Es entsteht beinahe der Eindruck, bei der Tour de France handelt es sich in diesem Jahr um eine slowenische Meisterschaft: Die Namen Tadej Pogačar und Primož Roglič dominieren die Vorberichterstattung zur 108. Ausgabe der wichtigsten Radrundfahrt der Welt, die am Samstag mit "le grand départ", der großen Abfahrt, in Brest eröffnet wird. Wer ein Wörtchen um den Gesamtsieg mitreden will, scheint vor allem am 22-jährigen Pogačar vorbeikommen zu müssen, der im Vorjahr seinem um neun Jahre älteren Landsmann im Zeitfahren am vorletzten Tag den sicher geglaubten Gesamtsieg noch entrissen hat.
Pogačar und Roglič wissen freilich, dass sie nicht die Einzigen sind, die das Potenzial für den Gesamtsieg haben. "Es wird nicht nur ein Kampf zwischen Tadej und mir. Es gibt 20 andere Jungs", sagt Roglič, der sich akribisch auf die Frankreich-Rundfahrt vorbereitet hat. Er hat sich jüngst für die Vorbereitung zurückgezogen, hat im Frühjahr nur fünf Rennen, dafür aber zwei Höhentrainingslager bestritten.

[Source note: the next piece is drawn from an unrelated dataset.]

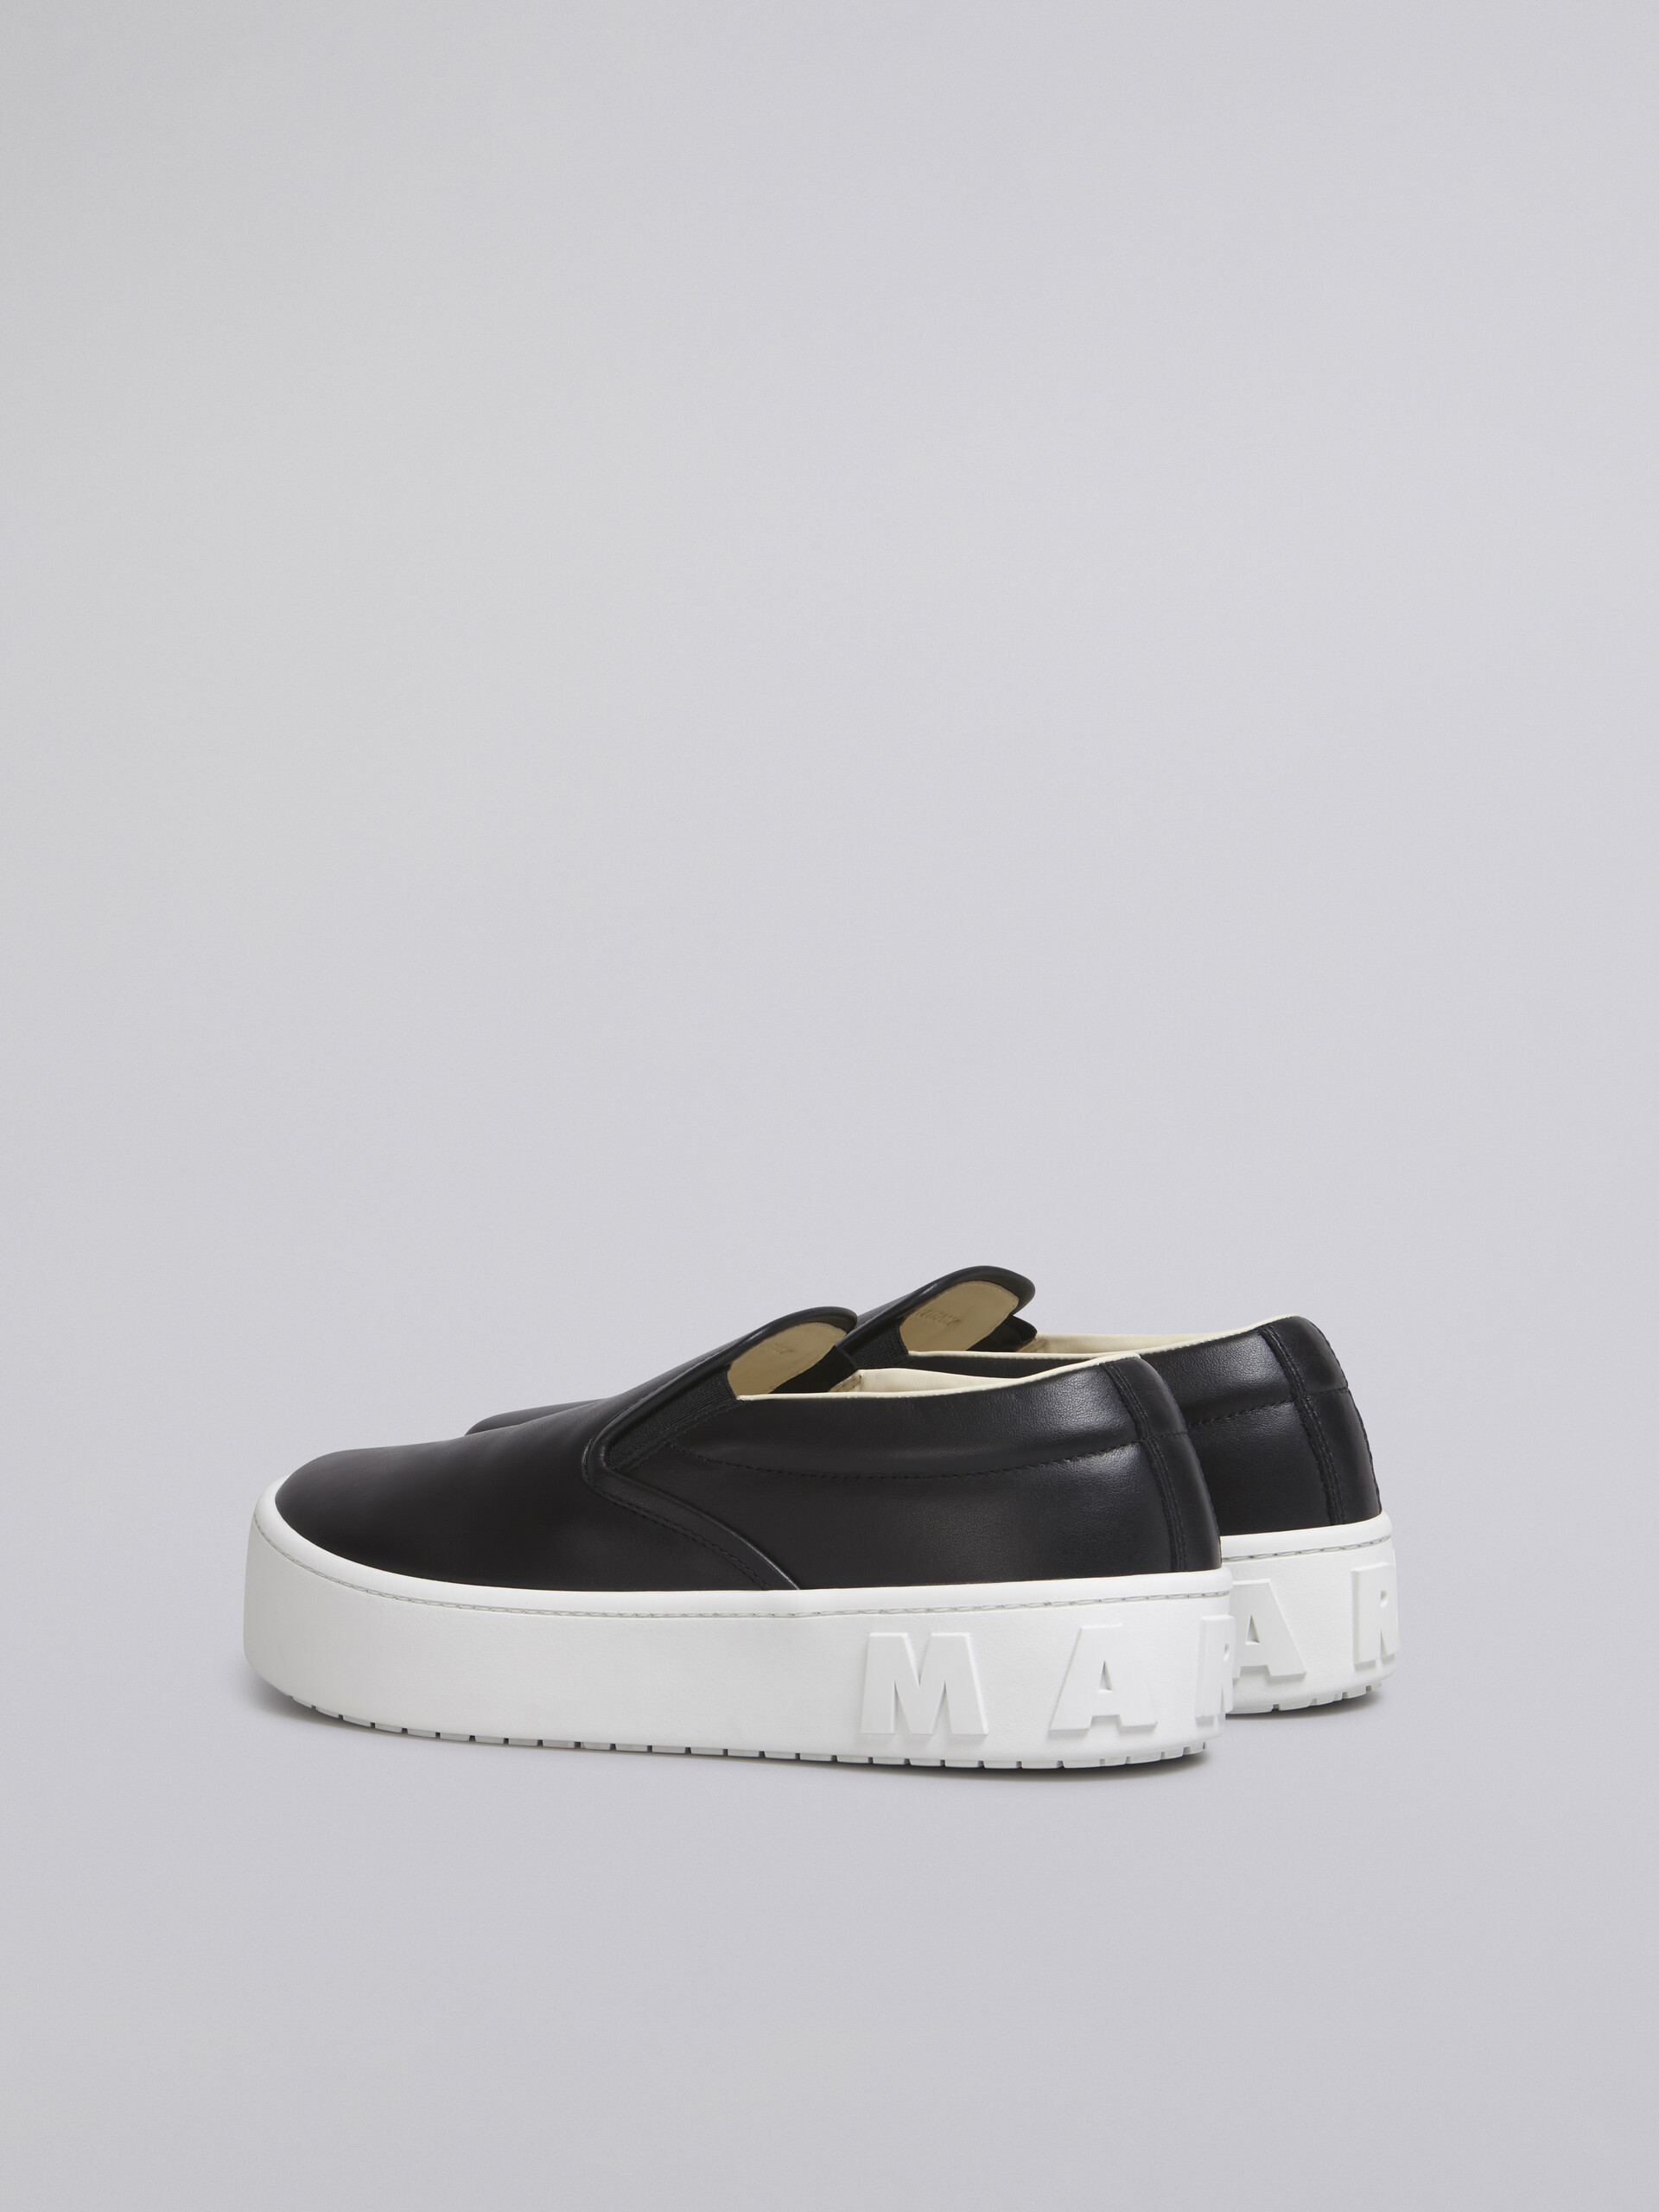 Black calfskin slip-on sneaker with raised maxi Marni logo - Sneakers - Image 3

Die slowenische Dominanz könnte Ineos brechen: Die britische Mannschaft stellt mit dem Tour-Sieger 2018, Geraint Thomas (GBR), sowie den Edelhelfern Richie Porte (AUS) und Tao Geoghegan (GBR) eine bärenstarke Mannschaft.
"Es wird in diesem Jahr nicht nur über Pogačar und Roglič gehen", sagt Marco Haller. Der Kärntner steht im Aufgebot von Bahrain-Victorious und erwartet eine ausgeglichene Rundfahrt: "Mehrere Teams haben sich breit aufgestellt, haben Sprinter und Bergfahrer im Team." Der Blick auf den Etappenplan zeigt: Sprinter und Etappenjäger werden heuer nicht zu kurz kommen, ganz im Gegensatz zum letzten Jahr, als Bergfahrer klar im Vorteil waren. Auch Frankreichs Hoffnungsträger Julian Alaphilippe (Deceuninck-Quick-Step) werden daher Außenseiterchancen eingeräumt.

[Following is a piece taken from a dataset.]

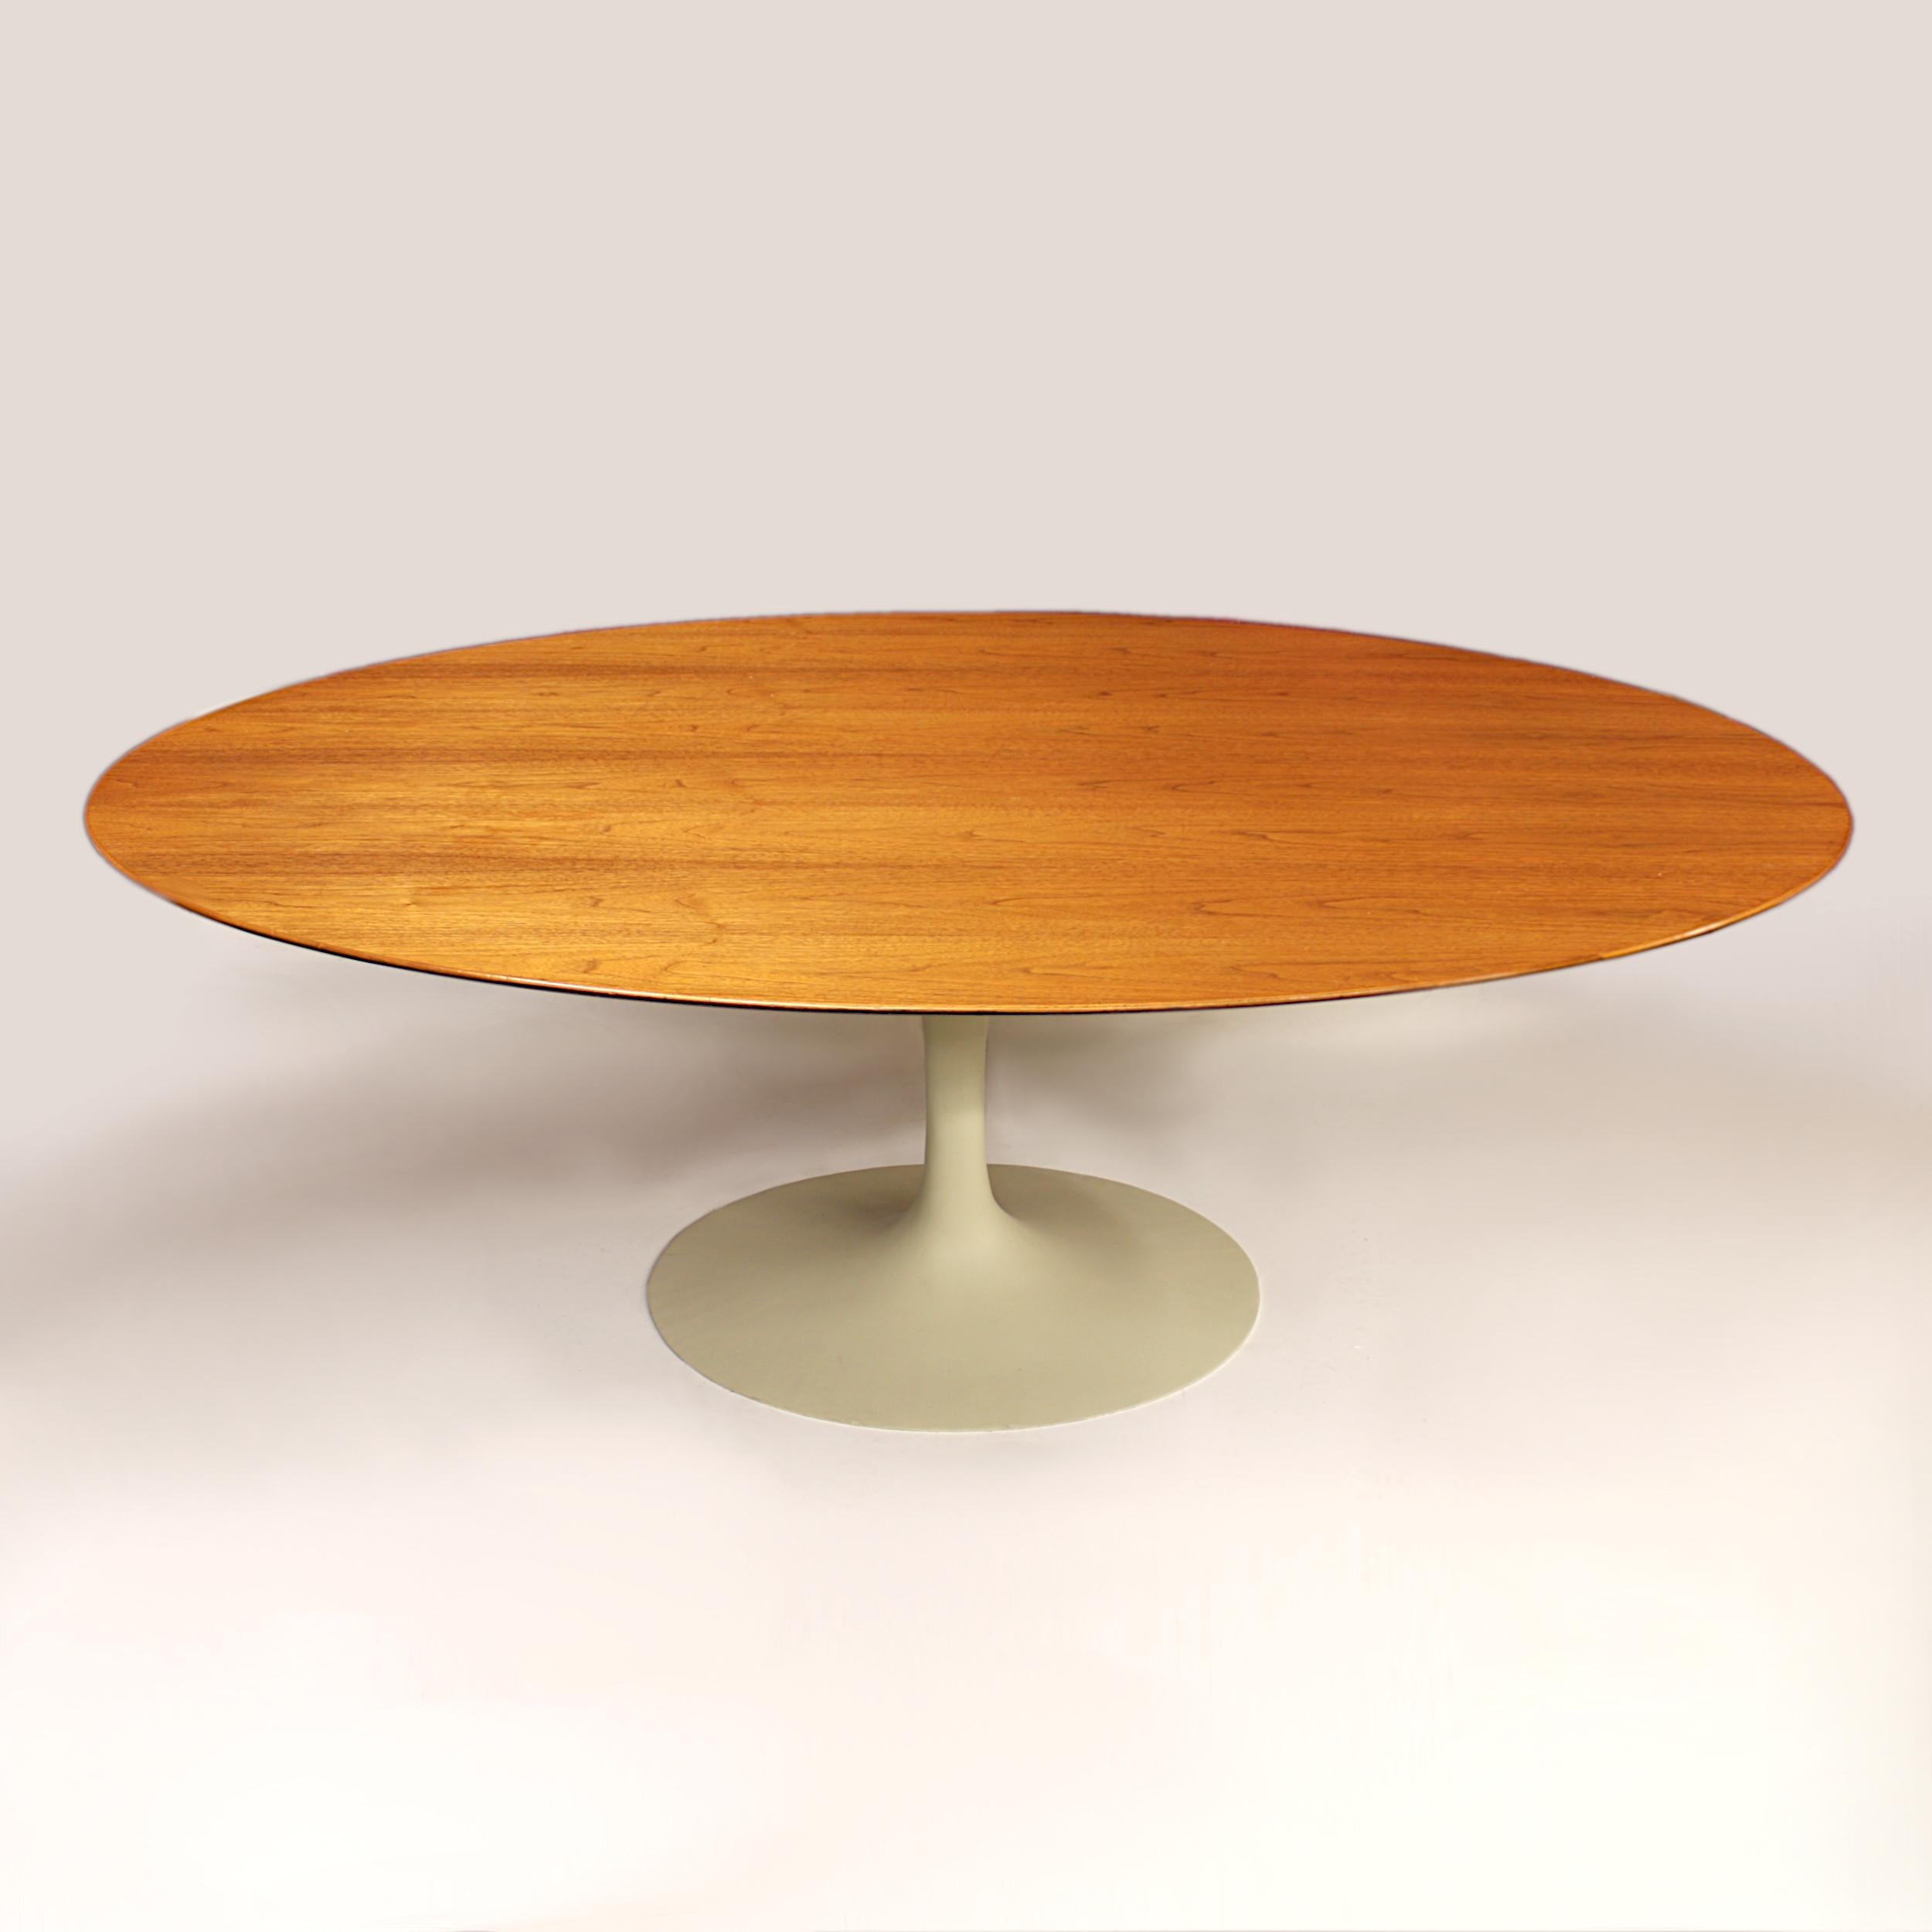 Mid-Century Modern Original 1970 Oval Walnut Top Tulip Dining Table by Eero Saarinen for Knoll

Mit Patrick Konrad, Lukas Pöstlberger (beide Bora-hansgrohe) und Michael Gogl (Qhubeka Assos) nehmen drei weitere Österreicher die 21 Etappen und 3383 Kilometer in Angriff. Pöstlberger, der beim inoffiziellen Tour-Einfahren im Rahmen des Dauphine-Criteriums das Gelbe Trikot getragen hatte, schlüpft beim bayrischen Team in die Helferrolle. Auch Konrad wird den um einen Spitzenplatz in der Gesamtwertung fahrenden Wilco Kelderman (NED) vor allem in den Bergen unterstützen. Doch Konrad soll auch auf eigenen Faust fahren dürfen: "Ich werde meine Chance auf der einen oder anderen Etappe suchen. Ein Sieg ist das Traumszenario."